The 10q22.3q23.2 deletion in patient #3 was initially considered a benign CNV because the same deletion was identified in the healthy mother. Therefore, the existence of an unmasked mutation in the homologous allele in the 10q22.3q23.2 region was suspected. However, this hypothesis was negated by the subsequent NGS analyses. van Bon et al.21 reported two cases with familial 10q22.3q23.3 deletions. Finally, we concluded that this deletion might be rather pathogenic in patient #3.

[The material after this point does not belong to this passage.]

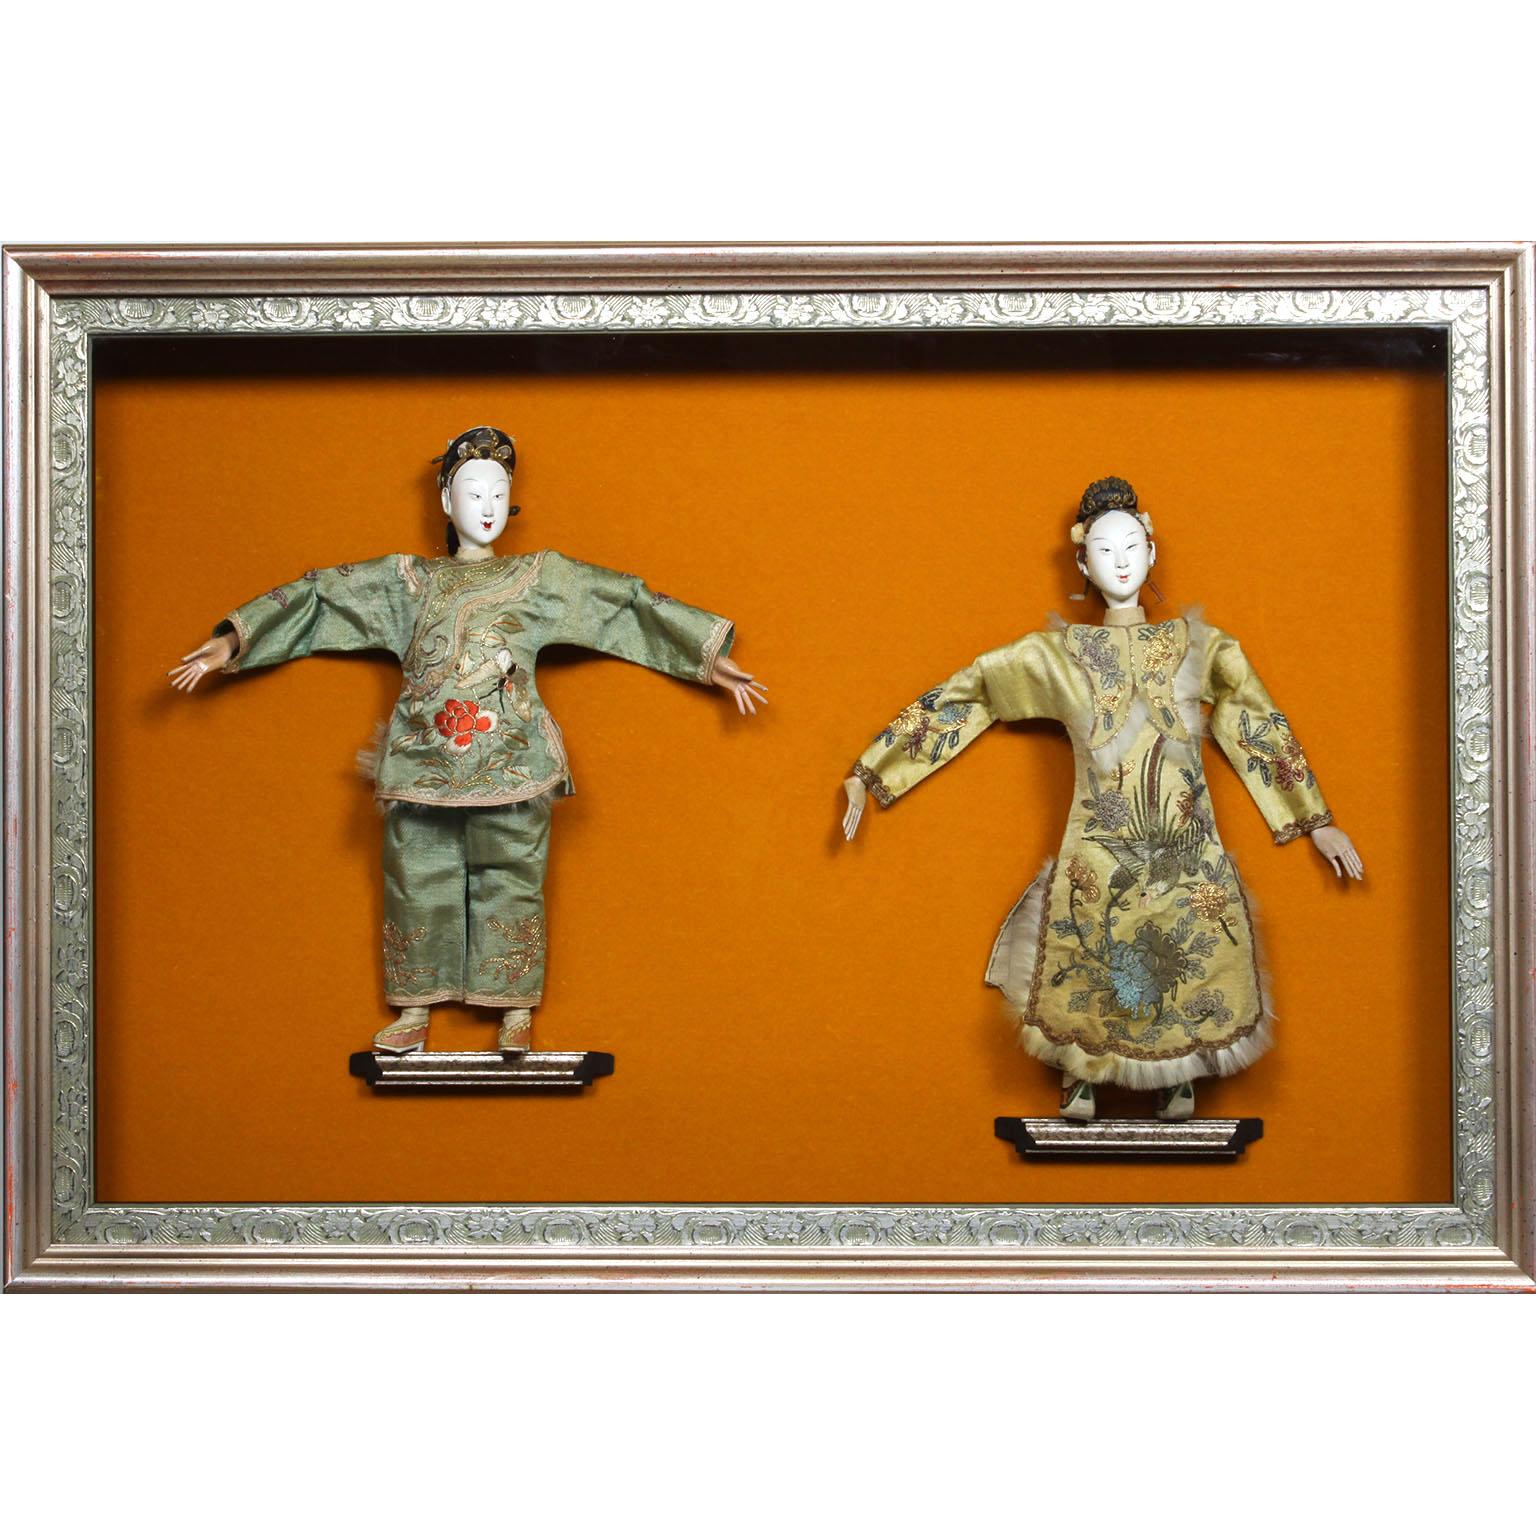 A fine and rare set of four Chinese 19th-20th century Henan Opera dolls. The beautifully carved soft wood, paper mâché and paste dolls of three female Opera performers and one male, all with finely painted heads, sandals and hands, wearing

The TruSight One panel was developed with the aim of clinical sequencing. Consequently, this panel targets clinically relevant SNVs. In this study, BAM files extracted through NGS using the TruSight One panel were used to detect clinically relevant CNVs. XHMM was used for this purpose because it focused on identifying rare CNVs with a population frequency <5%.4 A pre-normalization step is performed in XHMM to increase the homogeneity of the samples prior to the principal component analysis, which removes extremely variable targets unrelated to CNVs.8,9 Thus, CNVs detected via XHMM are prone to be pathogenic. The ability of the NGS-first approach to detect pathogenic CNVs was comparable to that of chromosomal microarray testing using a 60k platform, which was consistent with the results of previous reports on WES.5,6

In conclusion, pathogenic CNVs were successfully identified by XHMM using BAM files extracted through disease-related exome panel sequencing. The NGS-first approach yielded no false-negative or false-positive values, indicating the high sensitivity and high specificity of this method for the detection of pathogenic CNVs. Although the sample size was not sufficient to reach a final conclusion, the results of this study indicated that XHMM combined with the targeted exome data covering a 12 Mb region could be used as a first-tier screening approach for the identification of both SNVs and CNVs. The identification of possible pathogenic CNVs by the NGS-first approach should be re-confirmed by microarray as the final diagnosis.